Это сетевое сообщество, творческое сборище, поездка, квартирник — словом, демократическая культура, частично утраченная к нулевым и, очевидно, снова ожившая. Какой он, наш герой? Забавный, остроумный, слегка разочарованный в идеологии, добродушный, впрочем, ум ему не чужд; миролюбивый, отнюдь не поэт-воин, не поэт-гражданин. У него есть бунт, но скорее декоративный — это восстание против консервативности мира через речь, образ и шутку. Перед нами the fellow — скорее «такой, как другие», то есть неромантический, но вместе с тем дар иронии, острого зрения и способности к формулированию выделяет его среди ровесников.

 

вчера
я был анкета на сайте знакомств
имя: уитнейл
возраст: не помеха
пол: помою
о себе: пырцхгшл
люблю группу унтерпрокурор
сфотографировал свою тень красиво
в текучих лучах лунного света
вот он я вот он

 

Книга кажется мне содержательно мало включенной в контекст современности, она не гражданская, не публицистическая, прямого диалога со временем — что особенно интересно сегодняшнему рецензенту, — не присутствует. Но это и не эскапистская поэзия, отнюдь — скорее социальная, биографическая, личная. У нас принято, что частная сфера — это нечто женское, а мужчина должен болеть о судьбах мира, хотя бы уж с дивана, если не с экрана, конечно, есть исключения, однако естественное положение такое. Но когда речь о поэзии, время может отражаться в ней опосредованно, через язык, прием, нормы, а не только в лоб — тематически, экспансивно.

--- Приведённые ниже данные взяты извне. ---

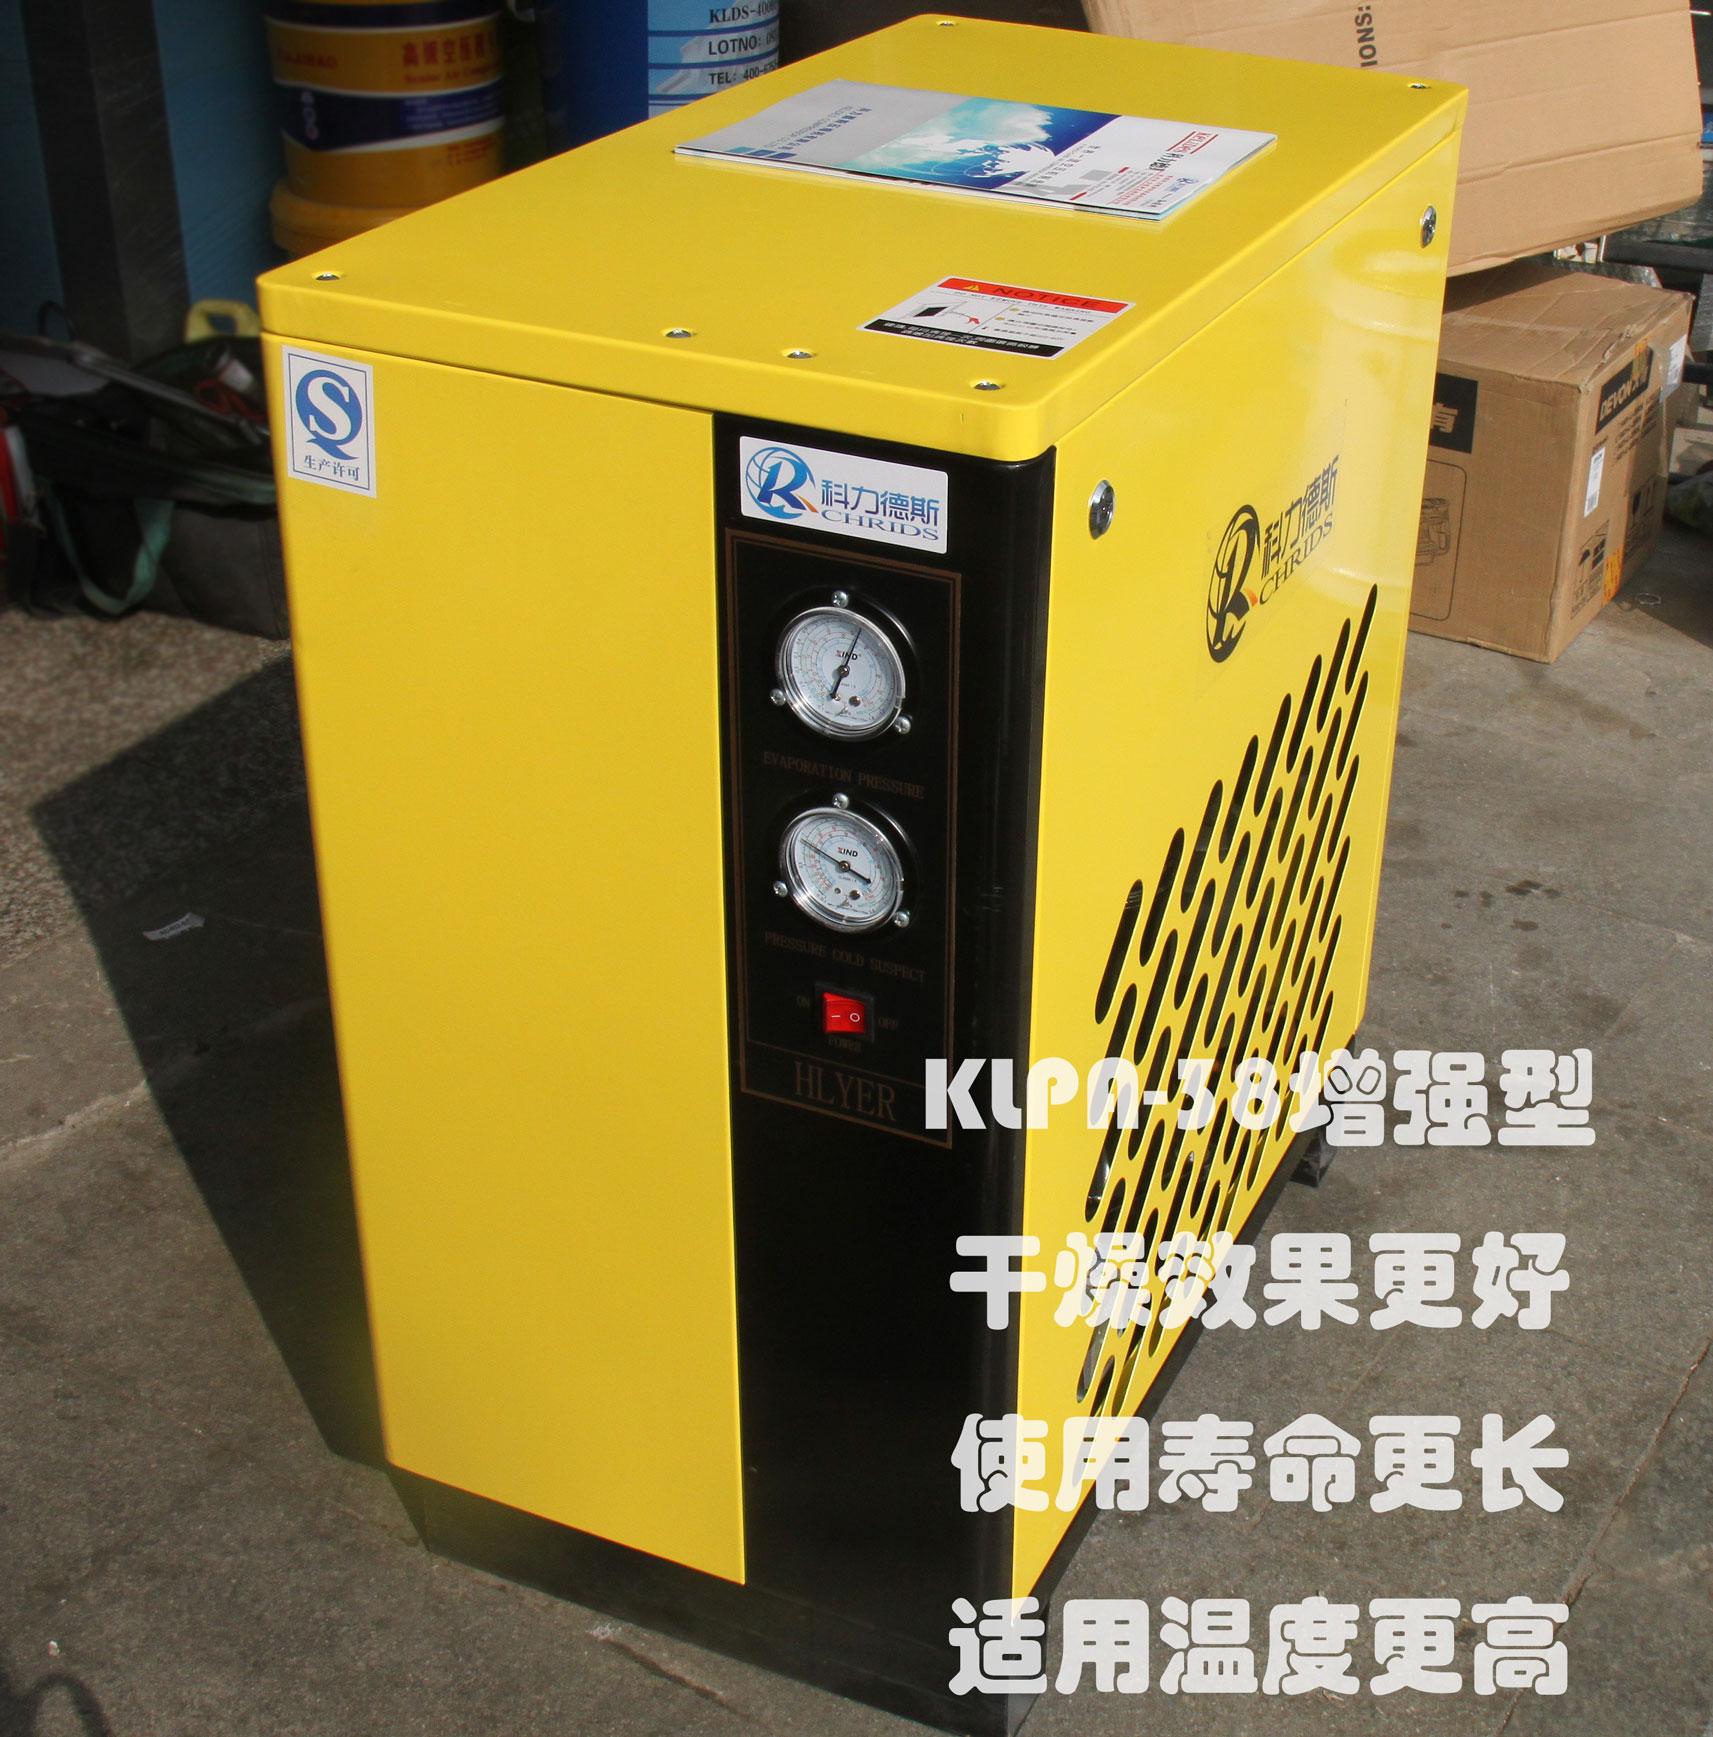 加强型冷冻式干燥机 3.8立方 适用于15kw-22kw空压机 新品促销

Сборник «Экспресс ‘’Манна небесная”» (видимо, название связано со школьным автобусом, отвозившим учеников на занятия) открывается традиционно — обращением к отцу. Мы узнаем нехитрую повесть о криминальном элементе, которого любили жена и сын, но который не любил их — такая немного высоцкая история, лишенная как оценочности, так и сильной эмоции. Это далеко не кузнецовское «Не имел ты права умирать», скорее речь о принятии, что всё так.

 

отец уходил за грибами
и возвращался через два года
совсем другим человеком
тогда я ещё не понимал
как поход за грибами
может настолько сильно всё изменить

<…>

отец сидел в тюрьме
стоял в тюрьме
лежал в тюрьме
ел в тюрьме
спал в тюрьме
но никогда
не писал оттуда писем

 

Жизнь в столице оказалась маргинализованной, сниженный фон бытия находился где-то на другой стороне глянцевой луны вечного праздника, выводя на банальное «очень трудно в Париже женщине». Присутствует связь с перестроечной эстетикой, дискурсом деконструкции, как это сегодня называется, хотя речь об условности, потому что Батрынча — зумер, никаких бед безвременья он не застал по причине своего рождения в нулевые. В то же время мгновенно вспоминается поэтизация домашнего уюта, тоска по его потере, свойственная раннему Кутенкову («немужская», «несерьезная» тема в ст. «Чай, заварка, вскипающий чайник…», в женской поэзии куда более привычная, ср. с романсом Дианы Коденко «Ты знала, чего оно стоит, // Нехитрое наше житье…»), у Батрынчи раскрывающаяся скорее не пронзительно-трагически, а детски, игрово:

 

дворники проснулись поутру
растопили снег в огромной чаше
уплывает рыбка в темноту
от земного холода подальше

чаще вспоминай своих богов
чтобы преуспеть в снегоуборке
рыбка слышит песню про любовь
это чайник свистнул на конфорке

 

Что касается философских верлибров Батрынчи, то это повествовательно-балладные тексты об эпизодах из жизни, родоначальниками их можно считать хоть маленькие поэмы Евгения Рейна, хоть опыты Александра Блока — подобные произведения кажутся мне детьми с неизвестными родителями, у которых возможны только условные усыновители, хотя, возможно, знаток меня и осудит. Сам поэт говорит об искренности и лиризме, как главной ценности такой поэзии. Действительно, некоторый «наив» — особенность стихов автора, отнюдь не легкомысленных по своим наблюдениям: ценности девальвируют, достижения молниеносно обесцениваются, шахматист получает от жизни доской промеж глаз и так далее. Однако есть нечто, сохраняющееся и сохраняющее все это — разумеется, мелос.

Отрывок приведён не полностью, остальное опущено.